I call the dynamically loadable classes in this system the products. Because products are dynamically loadable, the main program should be aware only of the base class of their hierarchy. To enable users to specify concrete products to be loaded, I provide a system of keys, which can be simple string types. For example, you can use string keys like "ftp" and "http" to request protocol products.
To summarize, I designed this system to meet the following requirements:
- The factory must support several distinct hierarchies in the same program. It must require the absolute minimum of code to register a product and to create it.
- The factory must be able to load libraries dynamically, both on direct request from the user and automatically when a required key is missing. Also, the factory can unload the library on request from the user. When a library is loaded, the user can use the classes defined in it immediately, without having to perform any resolving of functions.
- The user must be able to freely mix products statically linked with the executable file and products dynamically linked via a shared library.
- The products themselves must not be aware in any way of whether they are dynamically linked from a shared library or statically linked with the executable.
- The factory can be queried about which keys are available and which keys are defined in a given shared library.

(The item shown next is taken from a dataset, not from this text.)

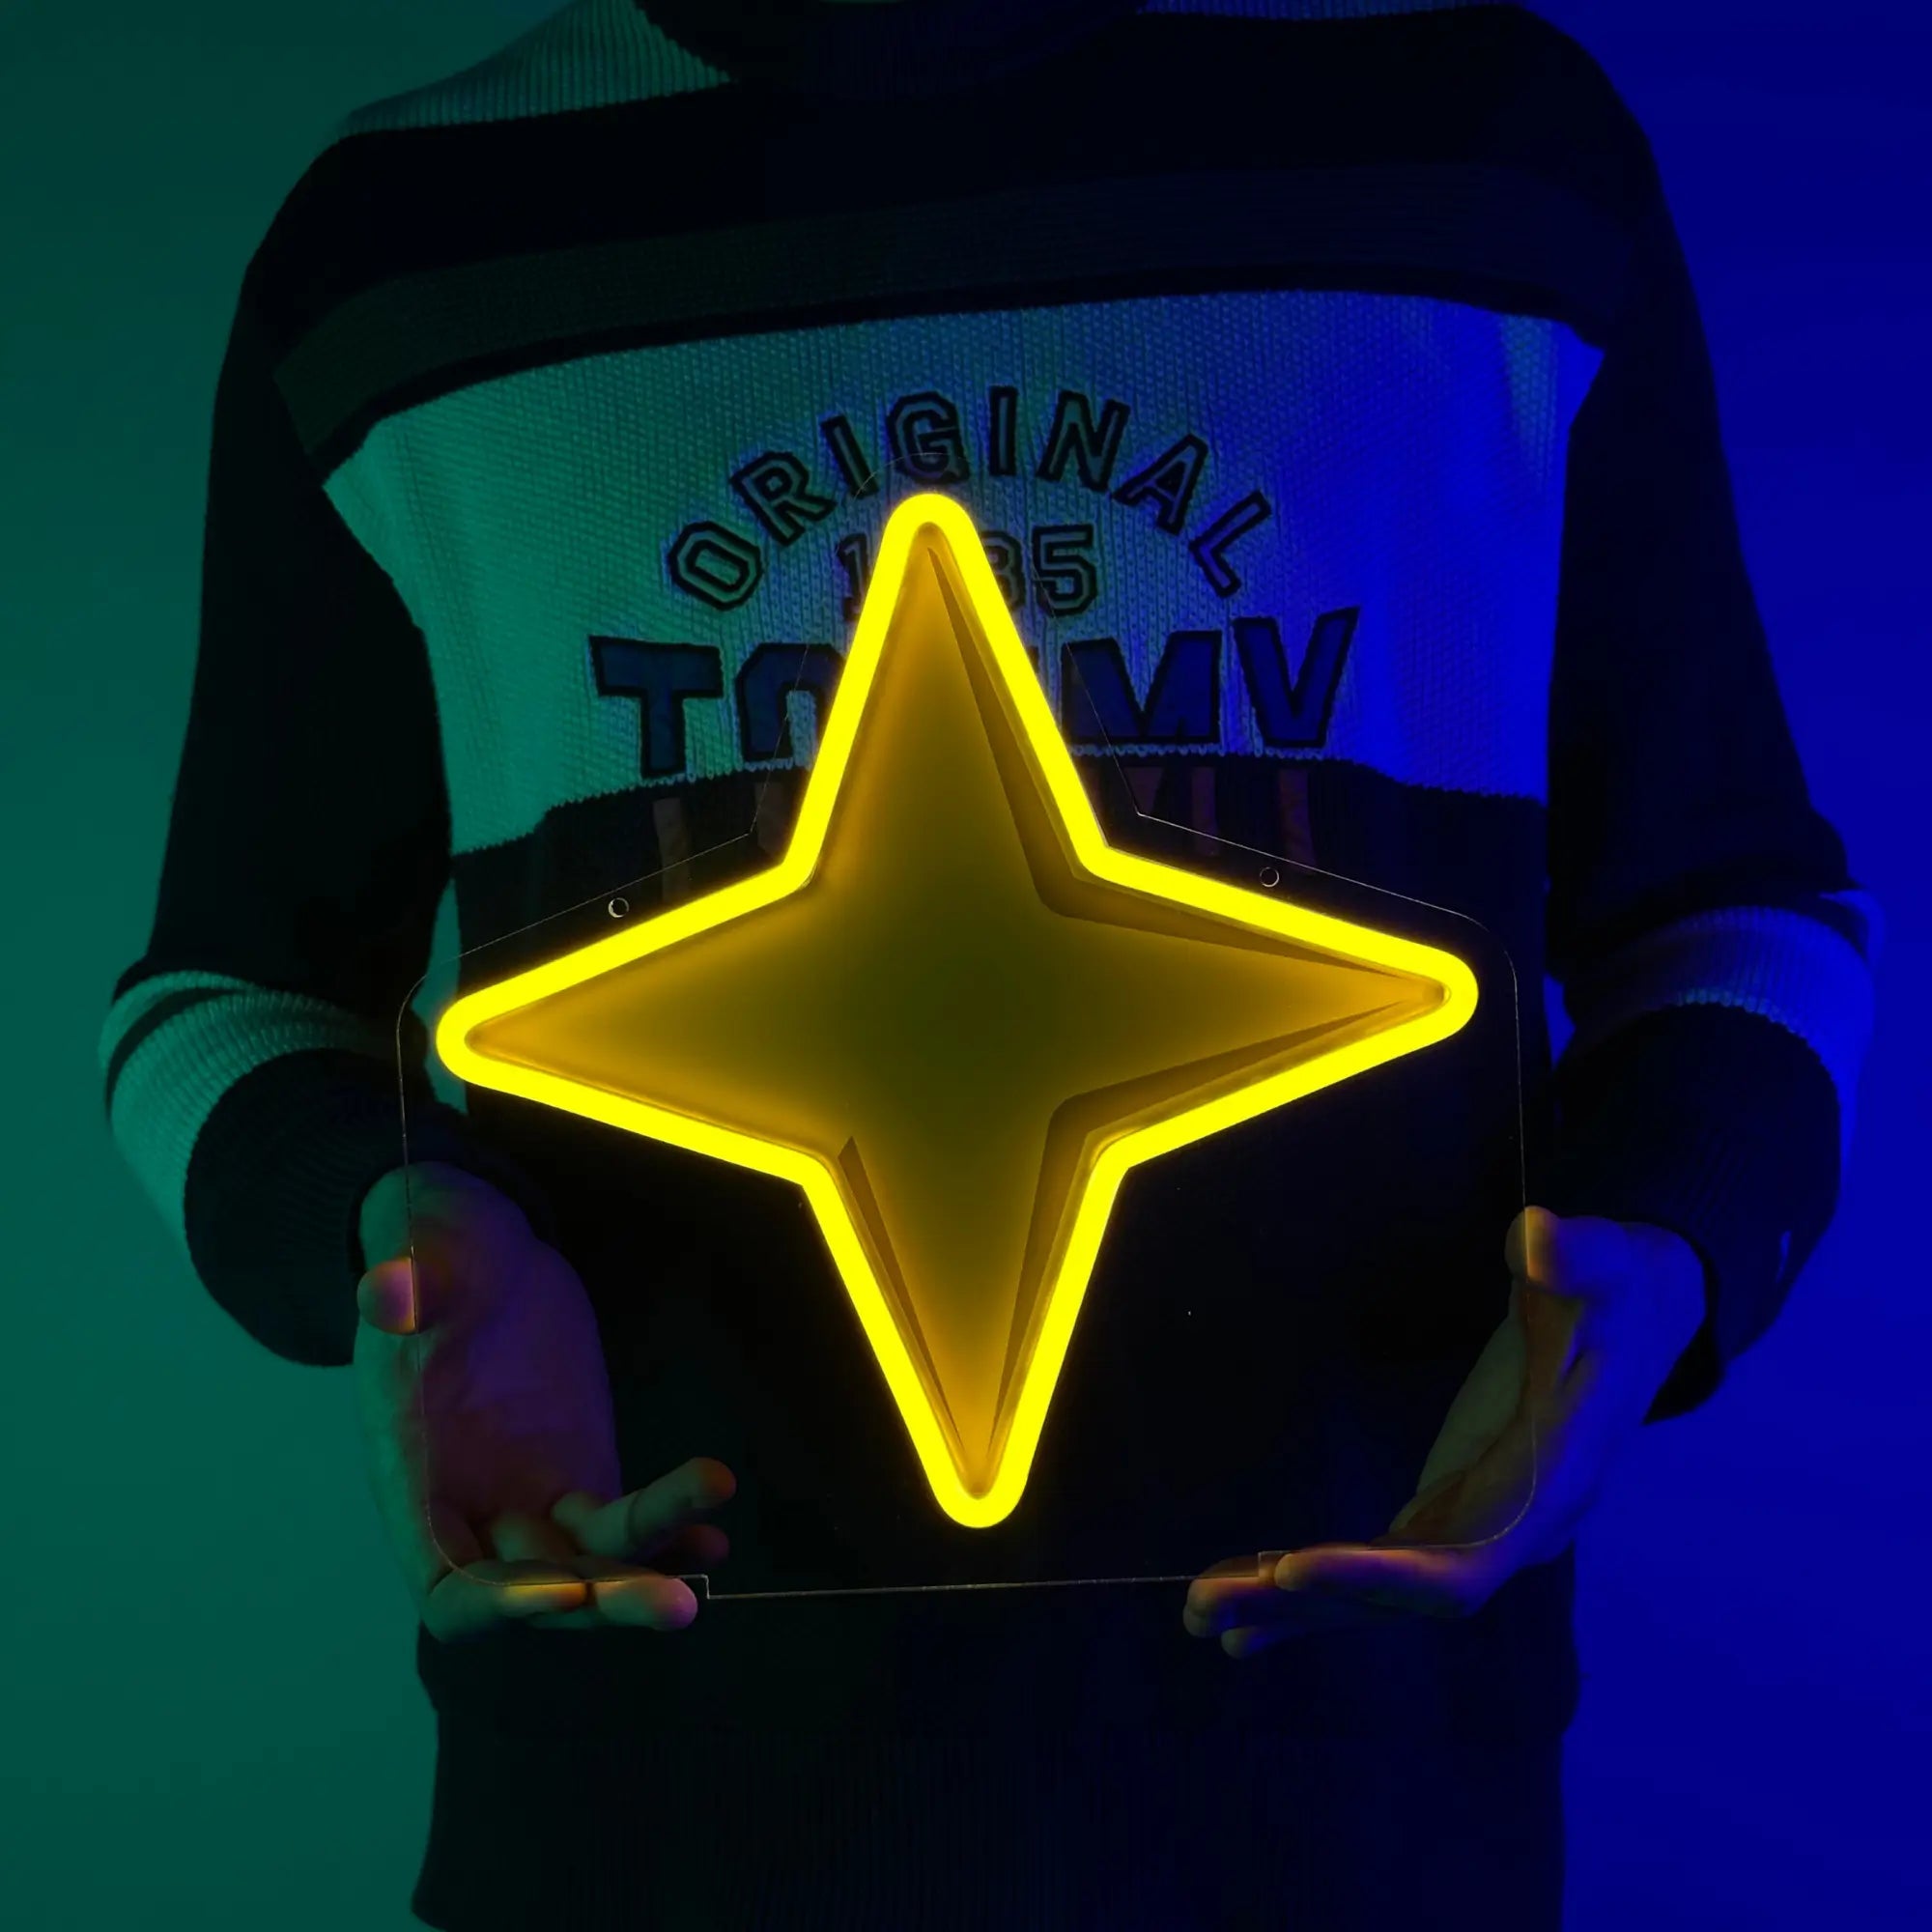 A man proudly holding a LED neon sign of the Saradomin God Symbol, an iconic emblem from Runescape.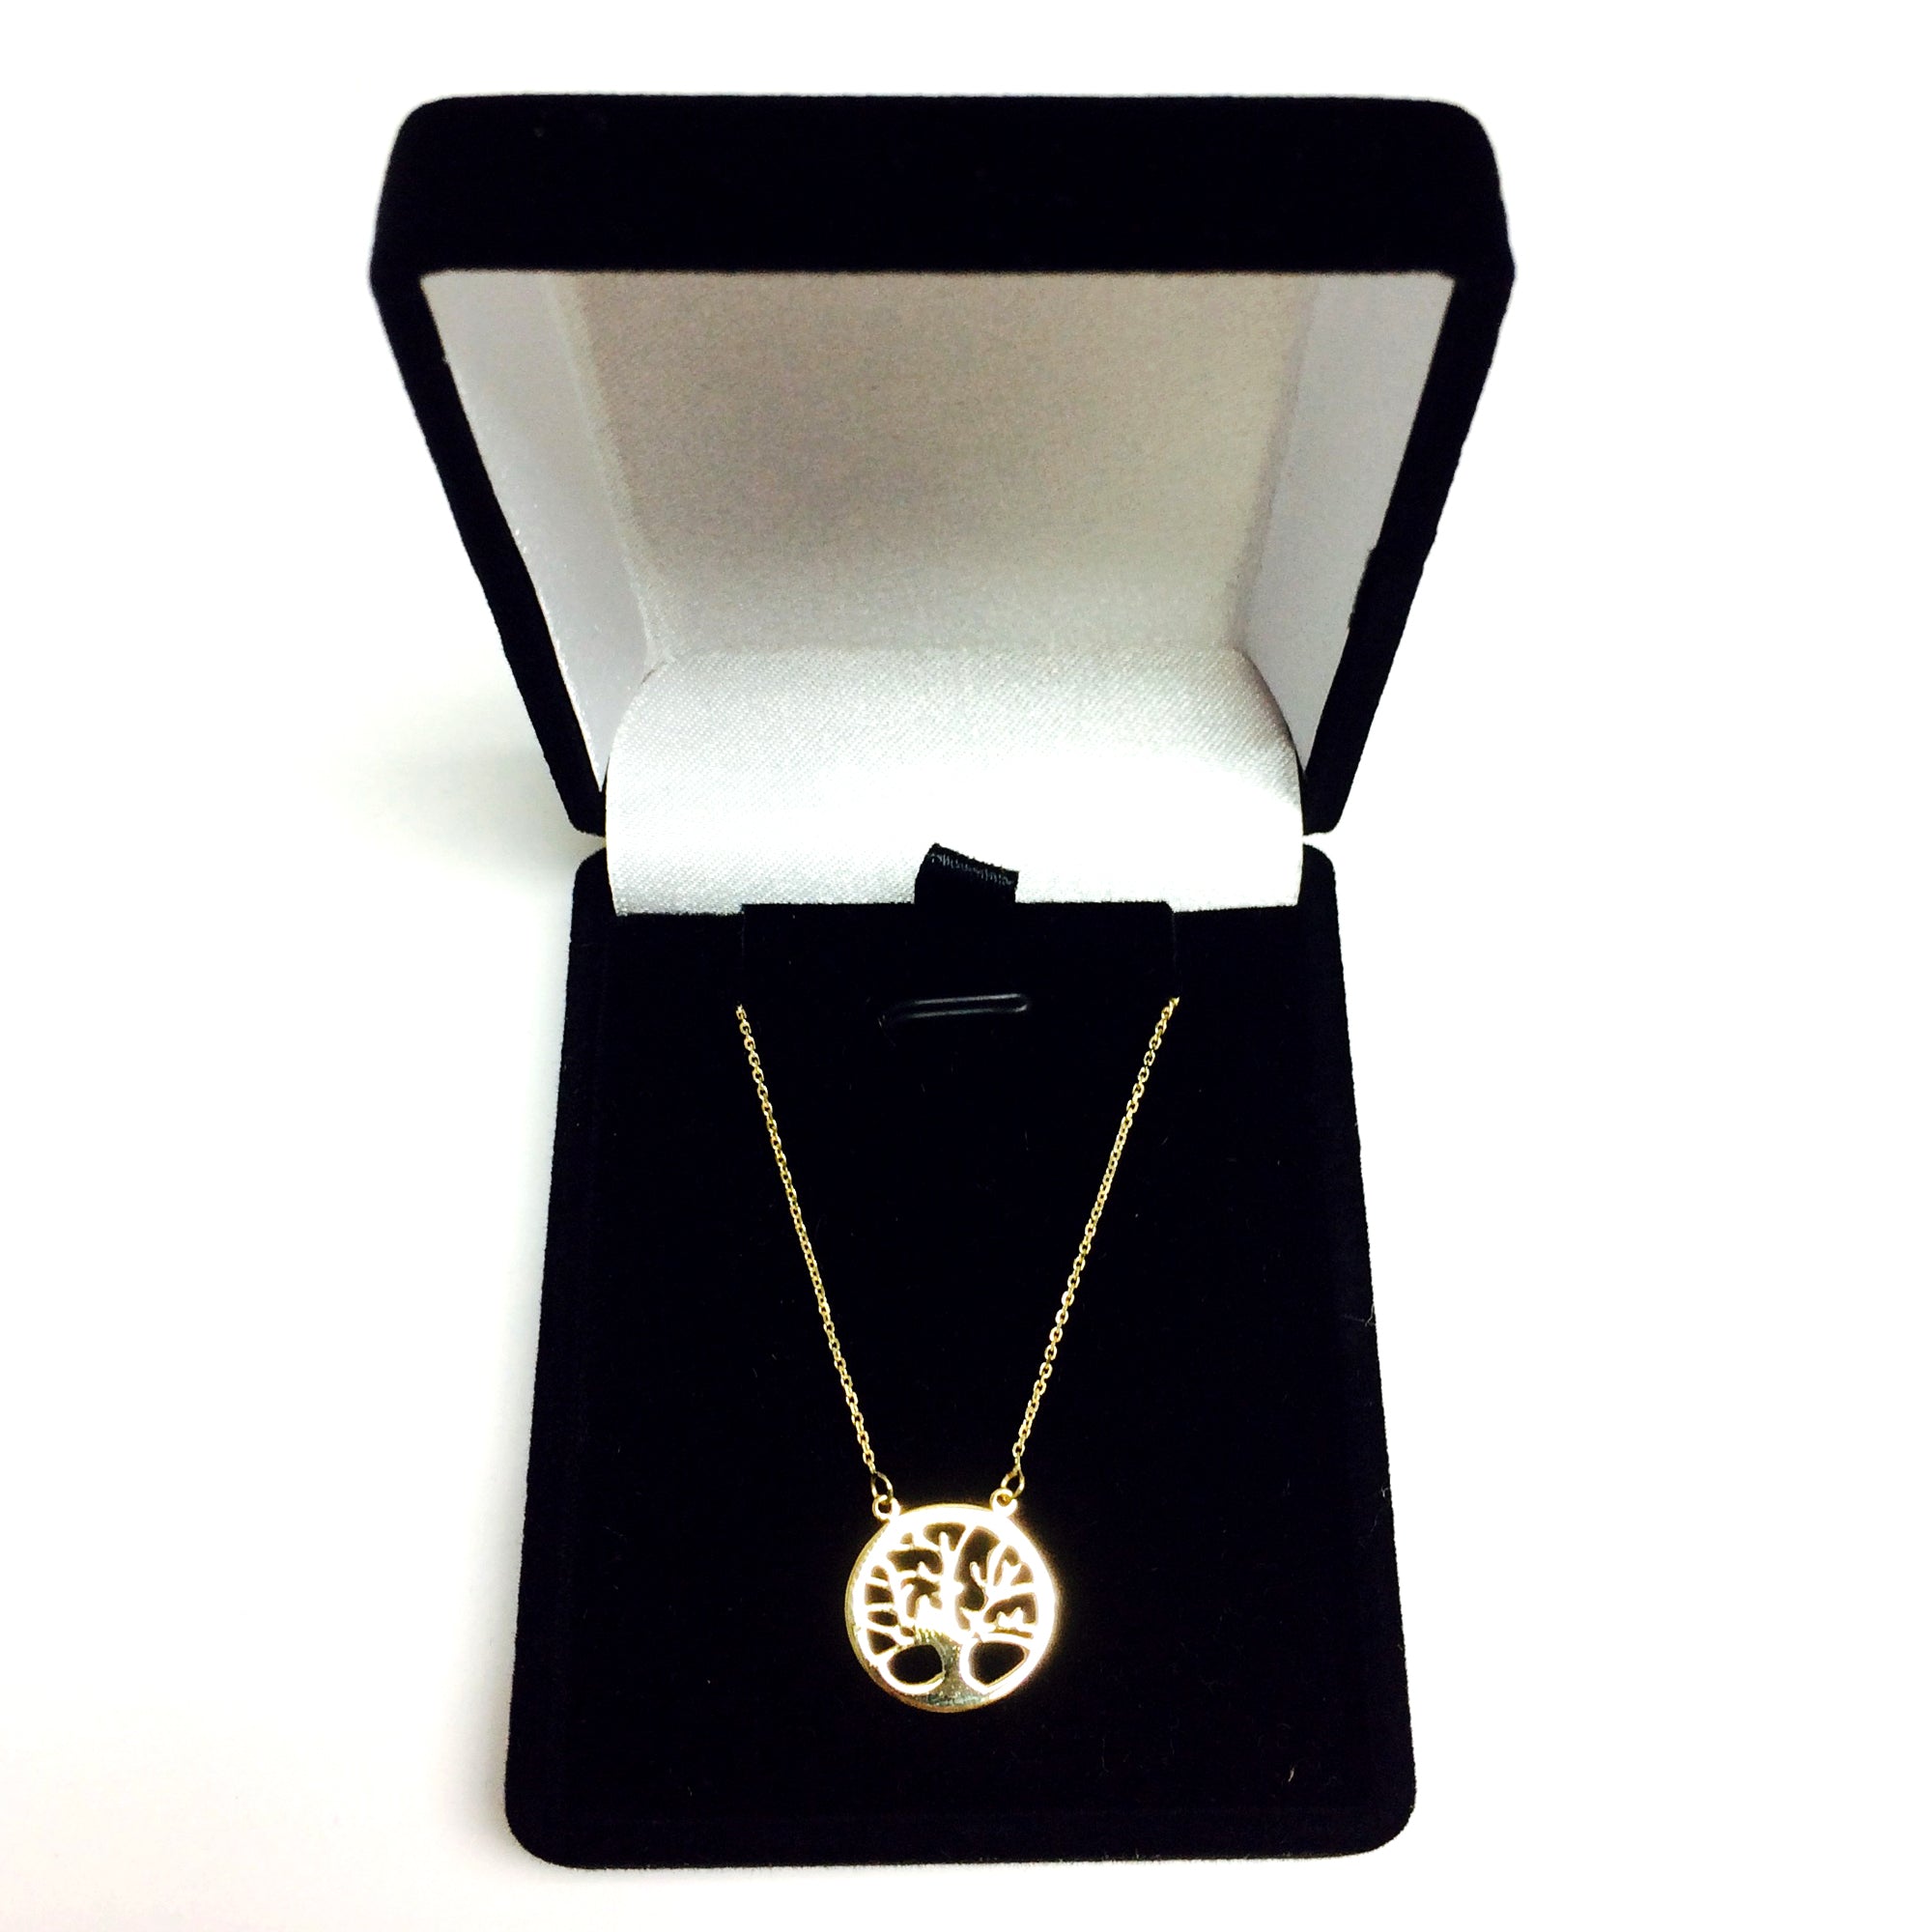 10K Yellow Gold Sideways Tree Of Life Pendant Necklace, 18" fine designer jewelry for men and women

I called this library "regime," which stands for REGIstration MEthods. Thus, I have placed all the code in namespace regime.
Registering a Class
The first task in this system is to register the class that will be dynamically loaded. This is where the Factory design pattern comes in. Each dynamically loadable class defined within a hierarchy has an associated creator object. If you know where this object is you can use it to instantiate a product that you need. The creator object's interface looks like this:
class ProtocolCreator { Protocol* create(const string& url_address) = 0; };The creator of http protocol objects looks like this:
class HTTPCreator : ProtocolCreator { Protocol* create(const string& url_address) { return new HTTPProtocol(url_address); } };The following is then a factory that performs the actual creation:
class ProtocolFactory { static Protocol* create(const string& proto, const string& url_address) { ProtocolCreator* c = ... // function that finds // creator for protocol if (c == 0) return 0; return c->create(address); } static void register(const string& proto, ProtocolCreator* creator); static void unregister(const string& proto); };The register method should be called by the constructor of the HTTPCreator. What remains to be done is to put the HTTPCreator object in the file scope of the HTTPProtocol.cpp file.
Automating the Job
The essential problem with the method presented above is that it requires a lot of manual work. Also, you must redo it for any class hierarchy you write that needs dynamic registration. This sounds like a perfect case for using templates — and it is. Templates enable an implementation of this technique that requires only one line of code for each registered class [1].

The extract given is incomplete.